Alloying Effects on the Oxygen Diffusion in Nb Alloys: A First-Principles Study

Abstract

Aiming to understand fundamentally the alloying effects on the oxidation behaviors of Nb alloys, we combined the first-principles density functional theory and Kinetic Monte Carlo simulations to calculate systematically the binding energies, energy barriers, and diffusion coefficients of oxygen in Nb-X alloys where X = thirty 3d, 4d, and 5d transition metal (TM) elements plus Al and Si in this work. According to the calculated binding energies and energy barriers, we classify the alloying effects into three categories: (a) local short-range trapping effects (X = V, Ti, Cr, Y, Zr, and Hf); (b) local long-range trapping effects (X = Si and Ru); (c) non-local non-trapping effects (X = Mo, W, and Al).
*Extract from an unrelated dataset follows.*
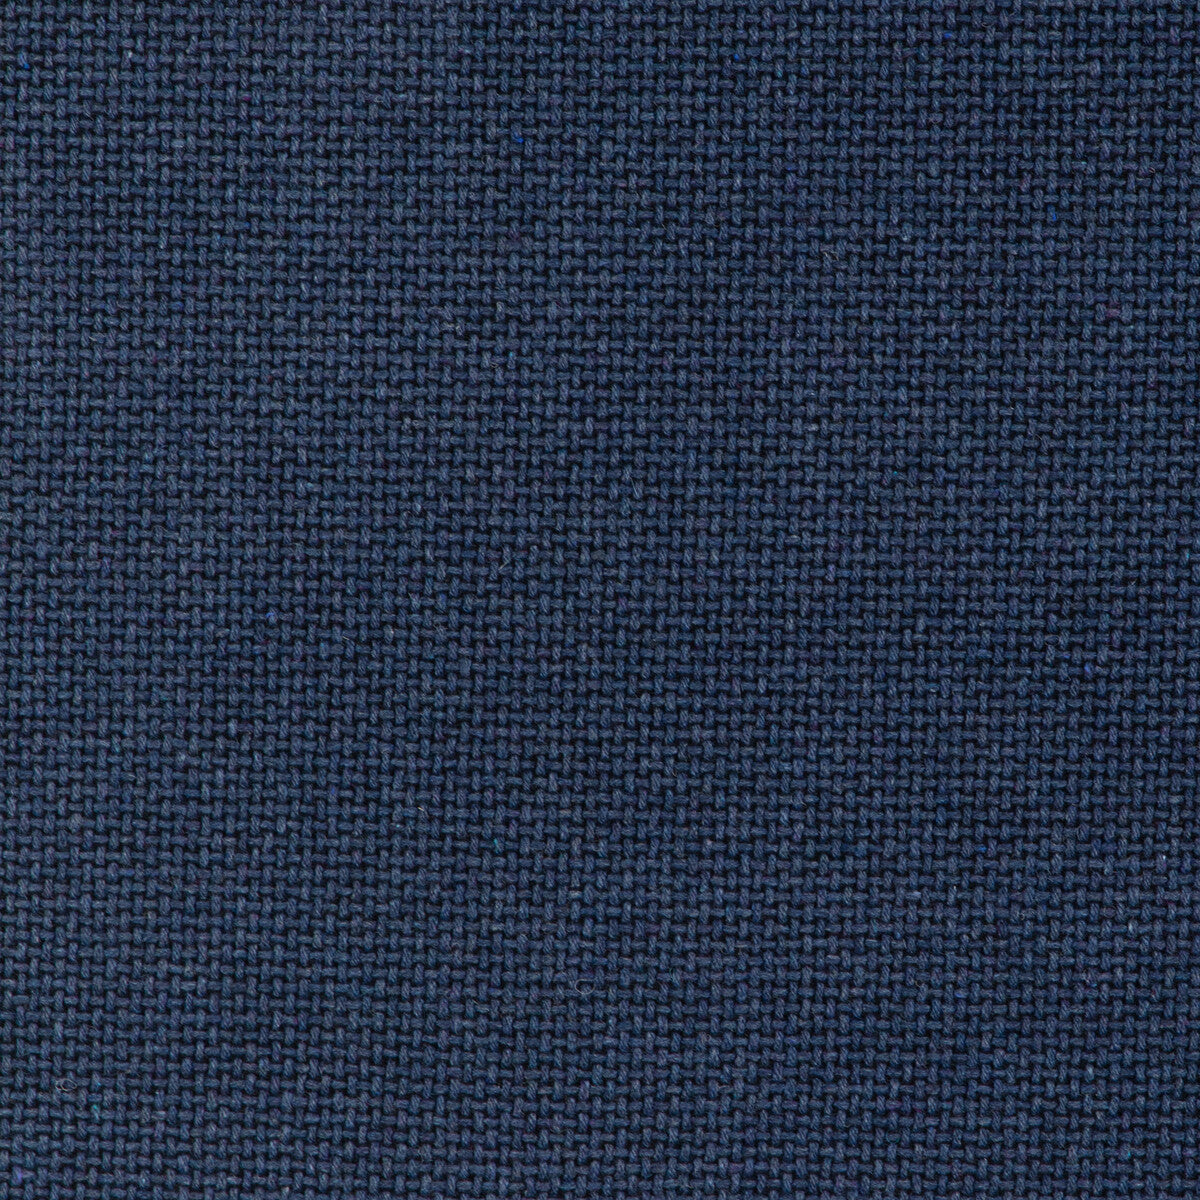 Easton Wool fabric in blueberry color - pattern 37027.510.0 - by Kravet Contract

Our results show that the solute elements with the short-range trapping effects at near regions had the most effective reduction effects on the O diffusion coefficients while the long-range trapping effects and the non-local effects are less significant but non-negligible. Specifically, the reduction effects of the partial studied alloying elements decrease in the order of Y> V> Ti> Si> Cr> Zr> Hf> Al> Mo> Ru> W. For all the studied 30 TM elements, the diffusion coefficients were calculated for O at the near regions of the solute atoms and their trends were discussed. These intrinsic alloying effects on the oxygen diffusion in Nb alloys provide the theoretical evidence for the rational composition design of oxidation-resistant Nb alloys.